Monday, March 28, 2011

That time I was dumped before I was in a relationship.

I went on a date with a new guy, he was great. When I starting talking about my fascination with outer space, instead of saying, "wow, you're really weird" he said, "can I talk you to the planetarium next weekend?"

So basically, he was perfect.

He texted me the day of our planetarium date to ask if I would call him so we could "talk for a sec." Um sure, guy I like but don't really know that well...what could we possibly have to talk about? I'm supposed to see you in an hour and a half.

We had to talk about that fact that I was not going to see him in an hour and a half.

Guy: I'm really sorry, but I'm too busy with work.
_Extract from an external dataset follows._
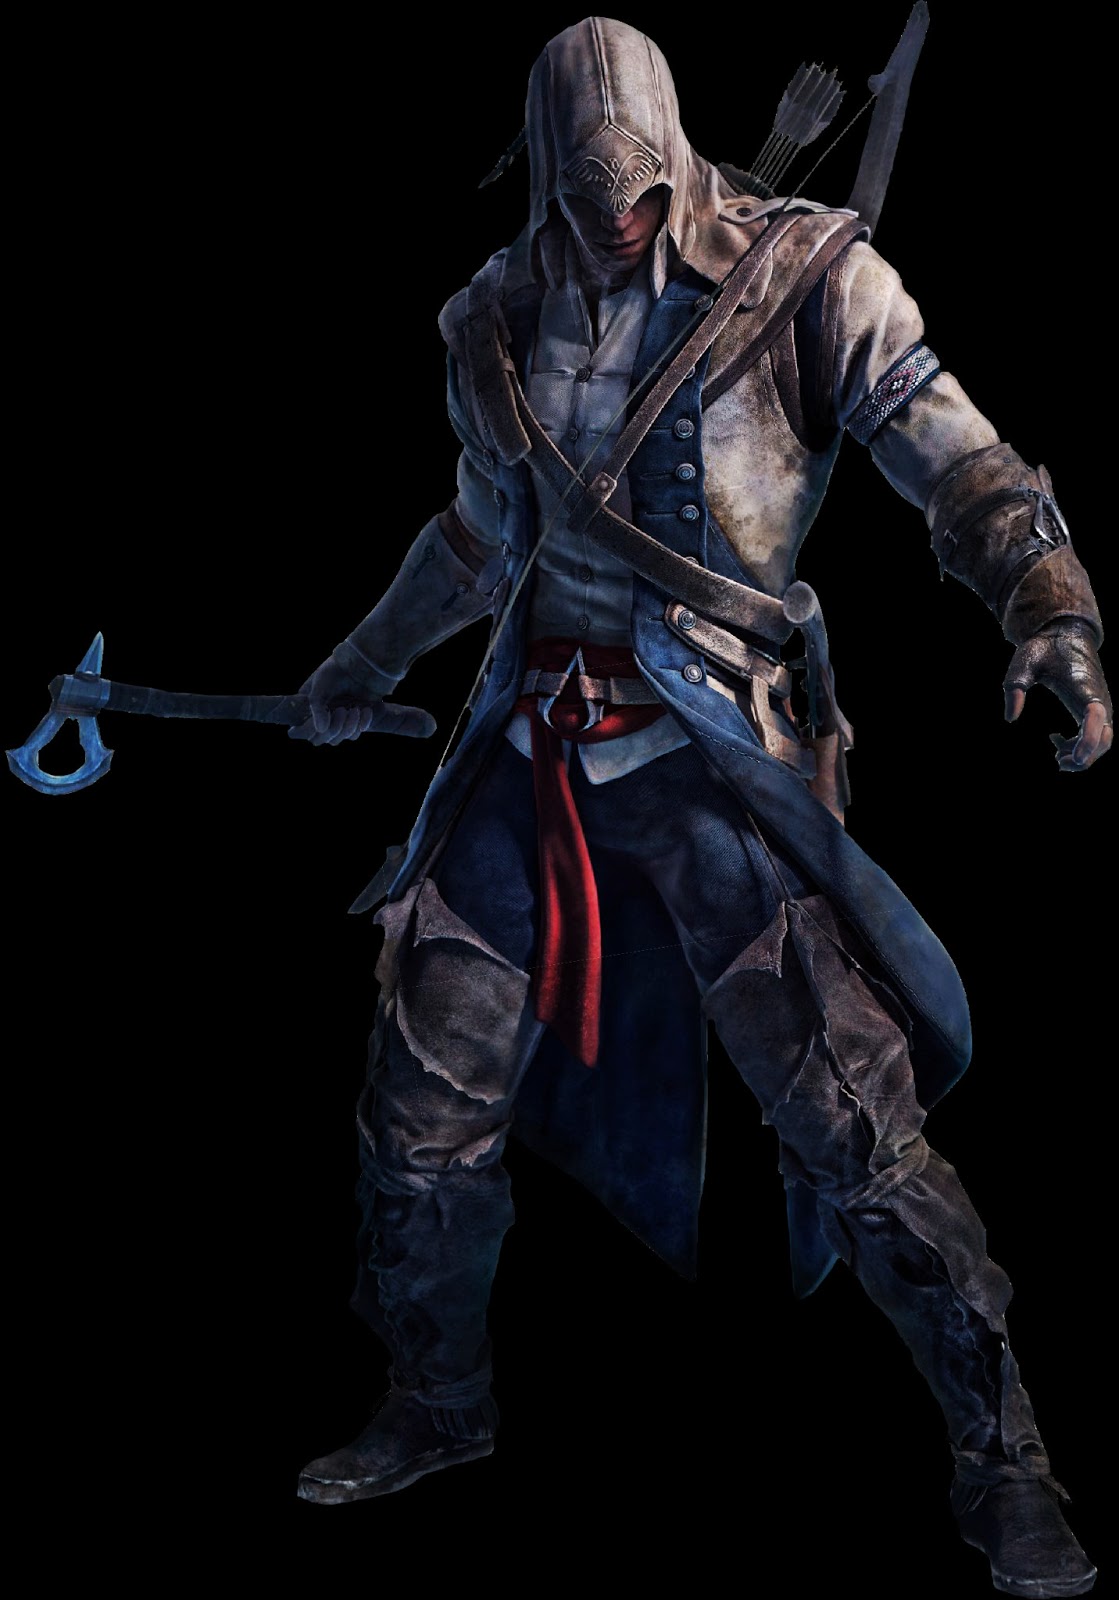 Lesionarse Brillar Acompañar Cris Patches!: Como hacer disfraz (Traje) Assassin's Creed 3, Connor.

I feel like an asshole and I'm sick of feeling like an asshole for doing this to you for a month [reference is about previously broken plans that made him feel like an asshole], and I really like you but I just don't have time to date someone right now.

Me [in my head]: It sounds like you're breaking up with me. Are we dating? Wait, you can't be breaking up with me ... we aren't dating. Why do I feel like you're breaking up with me?

Me [out loud]: Okay.

Guy: I'm really sorry, I'm just too busy. But I mean, you can call me in a couple of weeks if you want.

Me [in my head]: Yes. As you are the busy one, it makes perfect sense that I would continue to call you in hopes that there may be a break in your schedule. That makes much more sense than you calling me if and when you become less busy.

Me [out loud]: I'm not going to call you.

I'm always the one who gets dumped, but this has got to be some kind of record. I was dumped before a relationship even began. Our relationship was negative days long before it ended.

The worst part is that I was actually upset about it. I couldn't even eat my bagel and I wanted to cry. And that is why I don't cuddle with people. Cuddling makes you unreasonably attached. I'm reverting back to my ice queen ways.